Is it true? Did love win out?

A clarification: I was not trying to dehumanize or brutalize Steve. He is a kind-hearted man who helps desperate people everyday. I did not intend to write meanly. I was trying to write about my encounter with fundamentalism and what it meant to me.

Another clarification: I am now trying to write about homosexuality, and will do so for a few days.

I don’t want to write about Focus on the Family itself, because for the most part I don’t like them very much. Specifically, I don’t like what I know of James Dobson, FF’s views on women, gender roles, politics, culture wars, and marriage. I felt ambivalent at the Love Won Out conference because I would prefer to have a consistent feeling of dislike toward Focus, but instead I am repelled and compelled simultaneously. (And, btw, I volunteer at Focus conferences with my parents b/c it’s something we like to do together. I’ve done two homosexuality conference, and one Women of Faith extravaganza).

I consider the issue of homosexuality, and gay people, to be gifts in my life. I didn’t seek them/it out, but here they/it are/is. I have been thinking hard and reading about the issue for 13 years. I have believed that homosexuality is an especially dastardly sin and that gays are dirty and shouldn’t be touched. I have believed that lesbians are quite intriguing, and that gay men make for entertaining, neat, and woman-friendly friends. I have believed that the Bible is totally clear about homosexuality, that it is totally unclear, and that it is clear enough. I have made myself a student of James Dobson, Stanton Jones, Marcus Borg, Walter Wink, and Mel White at various times.
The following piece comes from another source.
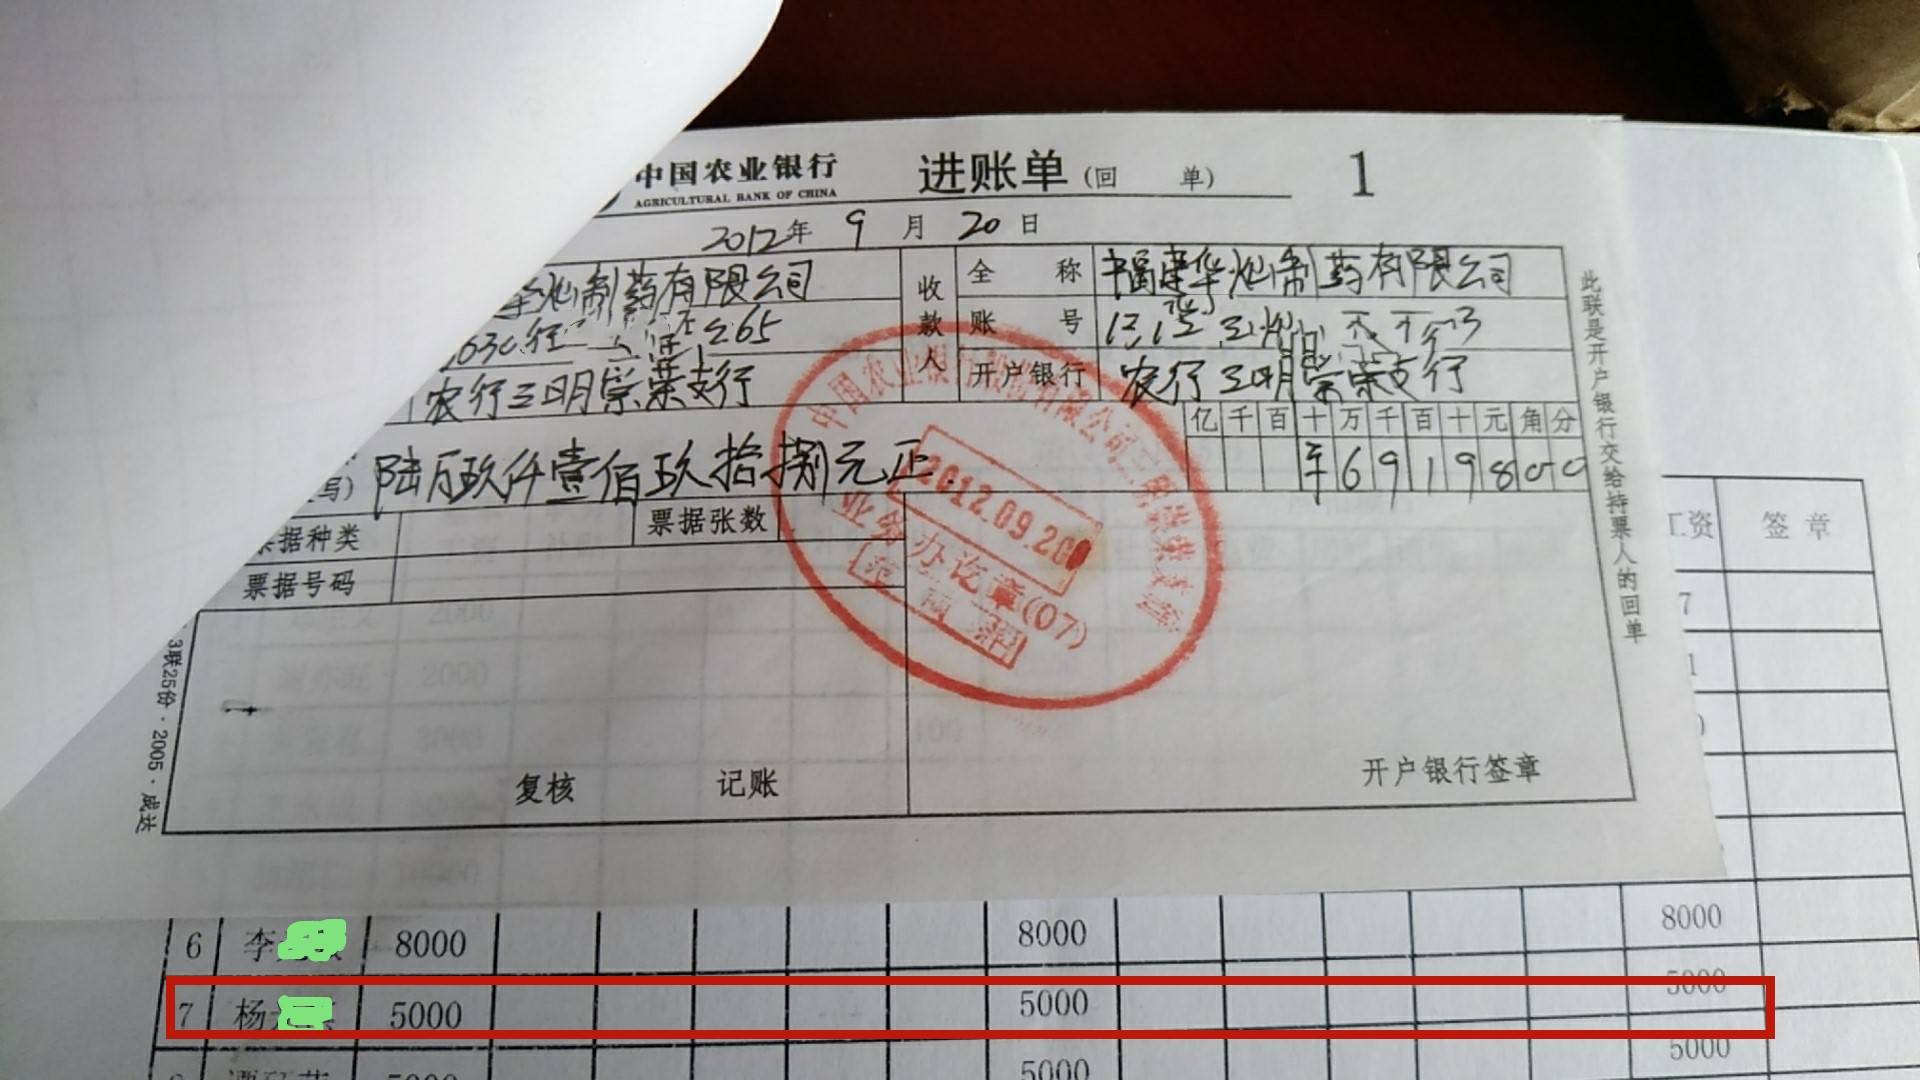 华灿公司2012年9月转账凭证显示,杨某某工资5000元.

I was drawn in 13 years ago because my best friend during college was a lesbian and a Christian, and felt she had to choose between her sexuality and her spirituality. I wanted to help her find wholeness. I wanted both to be right (she’s now a lesbian and not a Christian). I had a few other gay friends at Bethel, and it was a difficult place for them. I chose my grad school based on its African-American studies, but found it was also a national center for queer studies in anthropology. I was immersed in gay thought and life through academic study, academic advising, and D.C. social life. I’ve worked hard to come to terms with my own gender identity, to accept my created nature as a woman (mother issues, blah blah blah). I’ve attended churches that are gay-bashing, gay-affirming, gay-ignoring, and I attended a gay church (Metropolitan Community Church) for several months in D.C. I did fieldwork there and published an article about how sexuality and spirituality shape gay Christians’ neighborhood formation strategies. Now I talk about myself publicly as a safe person for students to come talk to about sexuality. And they do, and it’s amazingly interesting and heart-wrenching.

I write that not because I know it all, but because I want you to know where my knowledge comes from, why I care, and what my “agenda” is. I want to understand myself and live an integrated life – bring together my brokenness and diverse experiences into a centered life that is at peace with God. I also want to contribute to hurting peoples’ lives in helpful ways. Homosexuality is really important to me right now because I informally counsel students on their sexual struggles, and I am afraid of contributing to their pain – it’s a huge responsibility to nurture a young adult life.

Here’s my starting point, with respect to Focus’s reparative therapy movement. What if some people struggling with same-sex desire can change? What if it’s possible? What if same-sex desire, for some people, is rooted in psychic pain that can be healed?

Why are some people gay? We don’t know. Nobody knows, and they’re exaggerating if they say they do. Sexual desire is a complicated issue – it seems like an individualized complex of genetics, early childhood experience (pre-memory), parental bonding, socialization (media exposure, etc.), sexual choice, and at times, pathology (neurosis, compulsion). We too easily oversimplify the issues for the sake of strengthening our pre-determined opinions – that homosexuality is given at birth and can’t be changed, or it’s pathological and can easily be changed with therapy. Scientists don’t know, and scientific knowledge progresses study by study, in piecemeal fashion. And it takes a long time –we’re just at the beginning of studying the phenomenon from biological, genetic, psychological, and anthropological points of view.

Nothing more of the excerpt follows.